= Near Northside, Houston =

Neighborhood of Houston, Texas

Near Northside is a historic neighborhood located in Northside, Houston, Texas. Near Northside is primarily occupied by people of Hispanic descent.

In a 70-year period until 2015 the community had been majority Hispanic after initially being made up of German American and Italian American immigrants who settled in the period 1900-1940. It is in proximity to Downtown Houston.

==History==
Development of the Near Northside neighborhood began in the 1880s-1890s with the expansion of the nearby Hardy Rail Yards. Immigrants from Europe, primarily Italians, Germans, Poles, and Czechs, moved into the area and it became a working-class neighborhood. With the decrease of railroad traffic and increase in suburban development in Houston, the neighborhood began to decline following World War II. Thereafter, Hispanic immigrants, mostly of Mexican heritage, began moving into the area. The neighborhood underwent alteration from the construction of the Elysian Viaduct - a major roadway into downtown, which required the use of eminent domain to construct.

Near North Side's Moody Park was the location of the Moody Park Riots. On May 7, 1978, the Mexican American community in the area took to protest following the police killing of Jose Campos Torres (a war veteran who was killed by police while taken into dubious custody). The protests turned to riot and led to more than forty arrests, a dozen hospitalizations, and hundreds of thousands of dollars of property damage to businesses and police vehicles.

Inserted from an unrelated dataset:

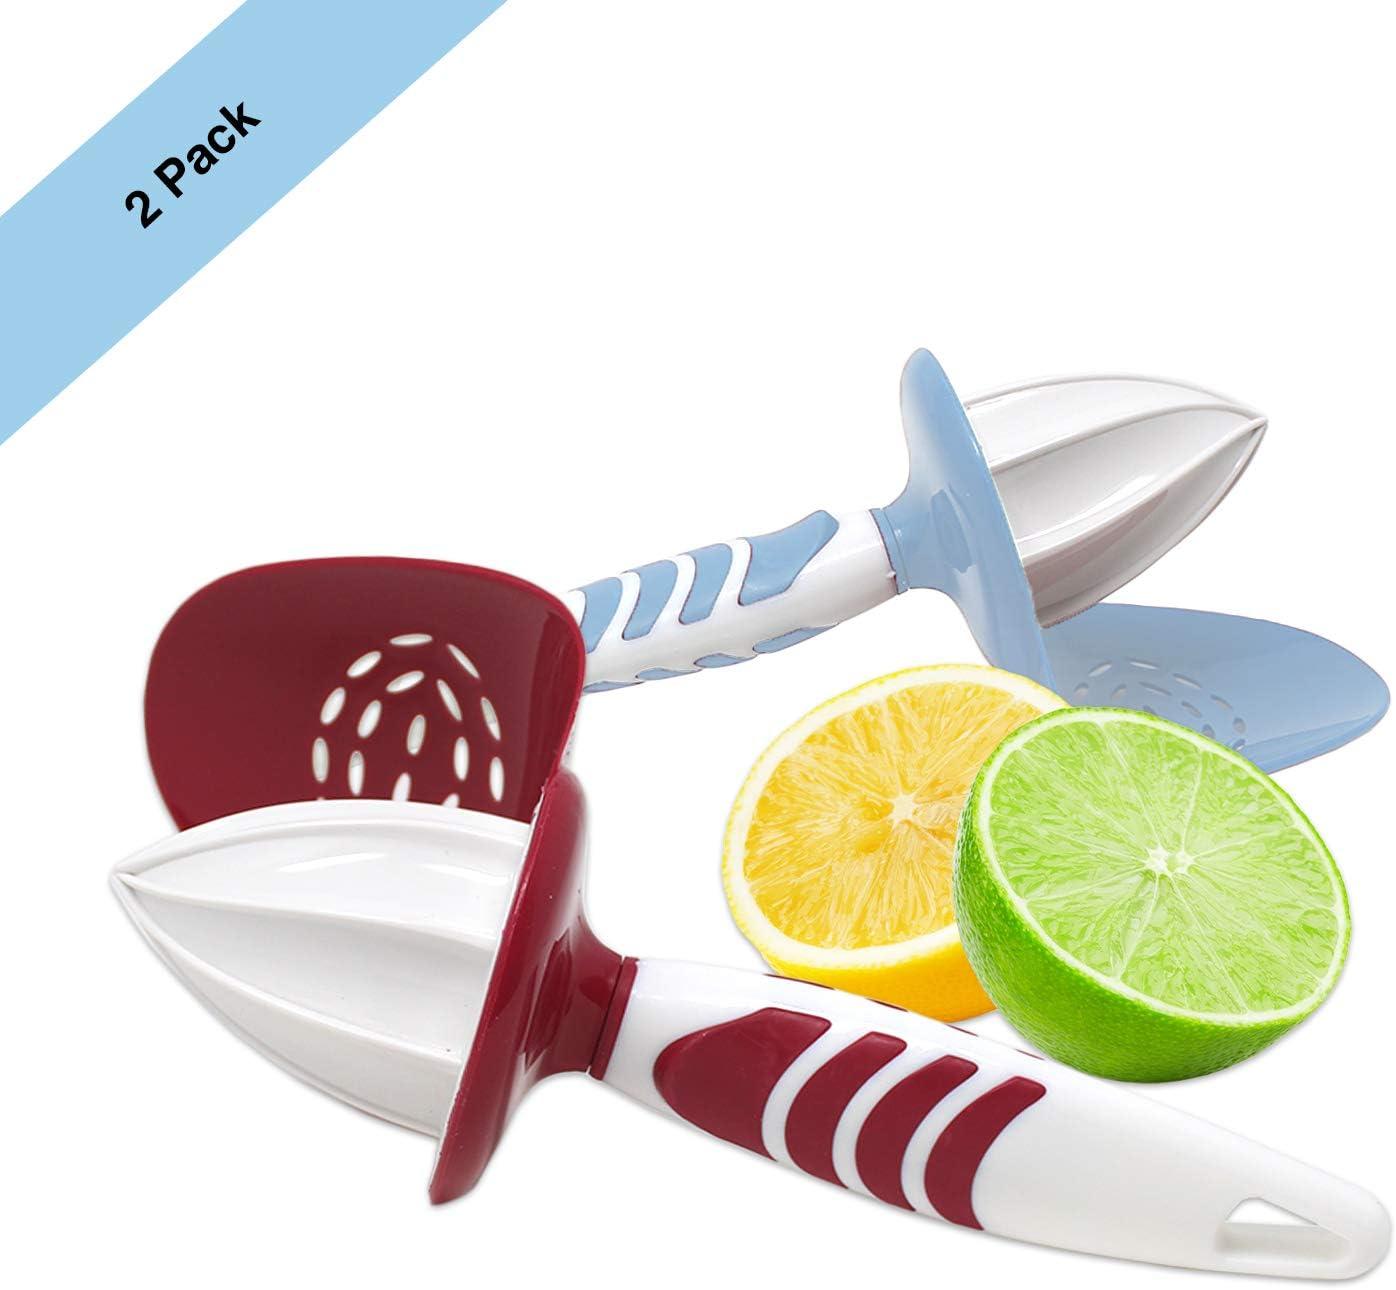 Lemon Lime Squeezer with Seed Catcher lemon juicer handheld | Comfort Grip Citrus Reamer | BPA Free | Assorted Colors (2 Pack)

The aftermath resulted in a continuation of already strained police relations and a mistrust of police by the Hispanic community of Houston. It also led to significant police reforms.

Preservation Texas, an organization dedicated to preserving historic resources in the state of Texas, named Near Northside Neighborhood to list of Texas' most endangered historic places in 2005.

In 2011 the community was listed in the National Register of Historic Places. The Avenue Community Development Corp. supported the listing.

In 2013, construction began on the expanded METRORail red line, which runs through the neighborhood with several stations along North Main Street and Fulton Street. The rail began operations on December 21, 2013.

By 2015, with major gentrification of inner Houston neighborhoods, some residents of one subdivision, Glen Park, advocated for minimum lot size rules in order to prevent large townhouses from being built in Near Northside.

==Composition==
The boundaries of the Near Northside community are Interstate 45, Hardy Street, Burnett Street, and roughly Cavalcade Street.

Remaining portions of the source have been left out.